Police to continue search in Susan Powell case into Saturday
New info from older search warrant led detectives to Nevada
Jeffrey D. Allred, Deseret News
ELY, Nevada — Law enforcement officials searched about a dozen abandoned mine shafts in the mountains outside of Ely, Nev., Friday for clues into the disappearance of missing West Valley mother Susan Cox Powell.
"It was a very long, exhausting day," said West Valley Police Sgt. Mike Powell. "And we had a very successful day."
No physical evidence was collected Friday. Instead, investigators came away with "documentation and photographs" of each mine shaft, Sgt. Powell said.
The search was expected to resume, and possibly wrap up, on Saturday.
Sgt. Powell plus four detectives from the West Valley Police Department, along with representatives from the White Pines County Sheriff's Office and the Bureau of Land Management out Ely, searched the rugged terrain about five miles outside of Ely until about 5 p.m. Friday.
Well over a dozen reporters and photographers initially accompanied the searchers. The first search took place just off of Highway 50 near a gravel pit below Squaw Peak. Searchers focused on mine shafts. White Pines County Sheriff Dan Watts estimated there are a couple hundred mine shafts in the area.
"We're going to check every one we can get to," Watts said.
Police released few details at a Friday morning news conference about why they were in Nevada, but the sergeant later explained that new information from a search warrant in the Susan Powell case prompted them to head to the Silver State.
"We were able to obtain information from a prior search warrant," Sgt. Mike Powell said. He would not specify when or where the warrant was served or whether the information was a result from crime lab tests. At one point, he said the warrant was served during "the initial part of the investigation" and said the information received was "fairly recent."
"The specifics I'm not able to discuss in any detail at all," Mike Powell said earlier at a news conference that prompted more questions than provided answers.
The sergeant attributed the scant information to a court-ordered "secrecy order" and invited members of the media to join him and four police detectives on several searches in areas outside of town. He said investigators chose to "utilize the media" in order to let people know the case is still an active investigation.
After Friday's search was over, Mike Powell noted that part for the reason for the delay in receiving some of the information from the search warrant that eventually led them to Ely, Nev., was Josh Powell.
"That information was delayed in time as a direct result of the lack of cooperation of Josh Powell," Sgt. Mike Powell, who has no relation, said. "We always welcome him to come forward and speak with us."
Sgt. Powell also noted that Friday's search, "has absolutely nothing to do with Steven Koecher."
Josh Powell's father-in-law had earlier presented a theory that Susan Cox Powell had run off with another missing Utah man, Koecher.
BLM spokesman Chris Hanefeld warned reporters about the many mine shafts, both documented and undocumented.
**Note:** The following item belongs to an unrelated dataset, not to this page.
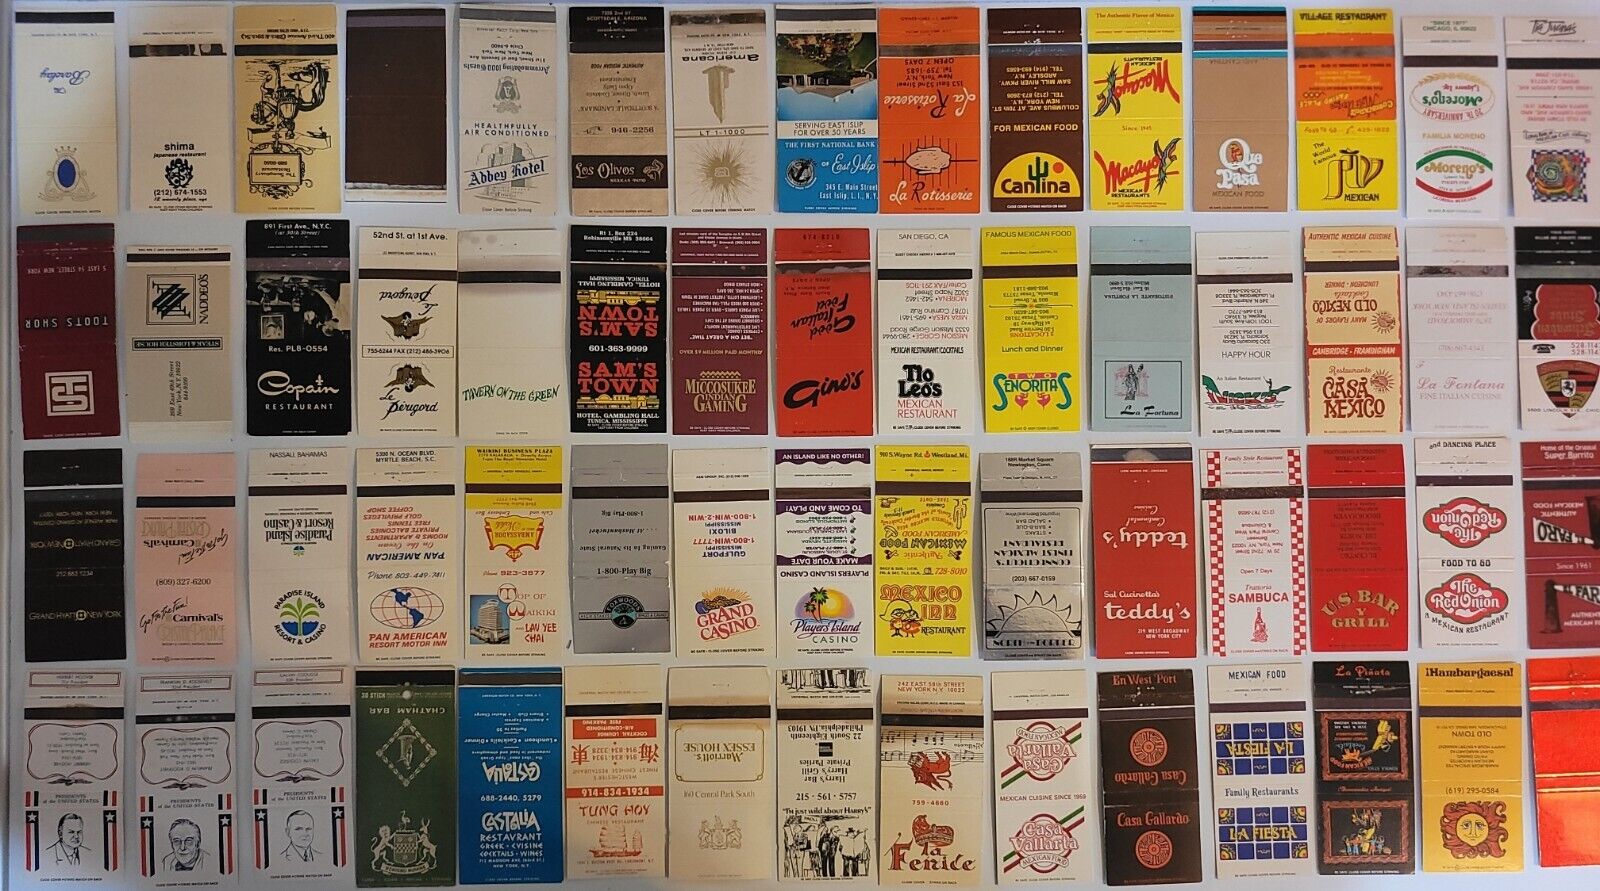 VTG MATCHBOX COLLECTION OF + 1800, USED, OPENED.

He also warned of rattlesnakes and live wires in the area.
Four detectives carrying ropes, riding ATVs, wearing helmets with big lights and climbing gear searched six abandoned mine shafts in an area that appears to be a makeshift landfill, where people have illegally dumped all kinds of items.
The searches appeared to be cursory and lasted only a few minutes at each site. After finding each mine shaft, searchers marked GPS coordinates at each opening and shined lights inside. Most of the shafts have been between 50 and 100 feet deep. At least one mine shaft had a gate previously installed that had obviously been breached.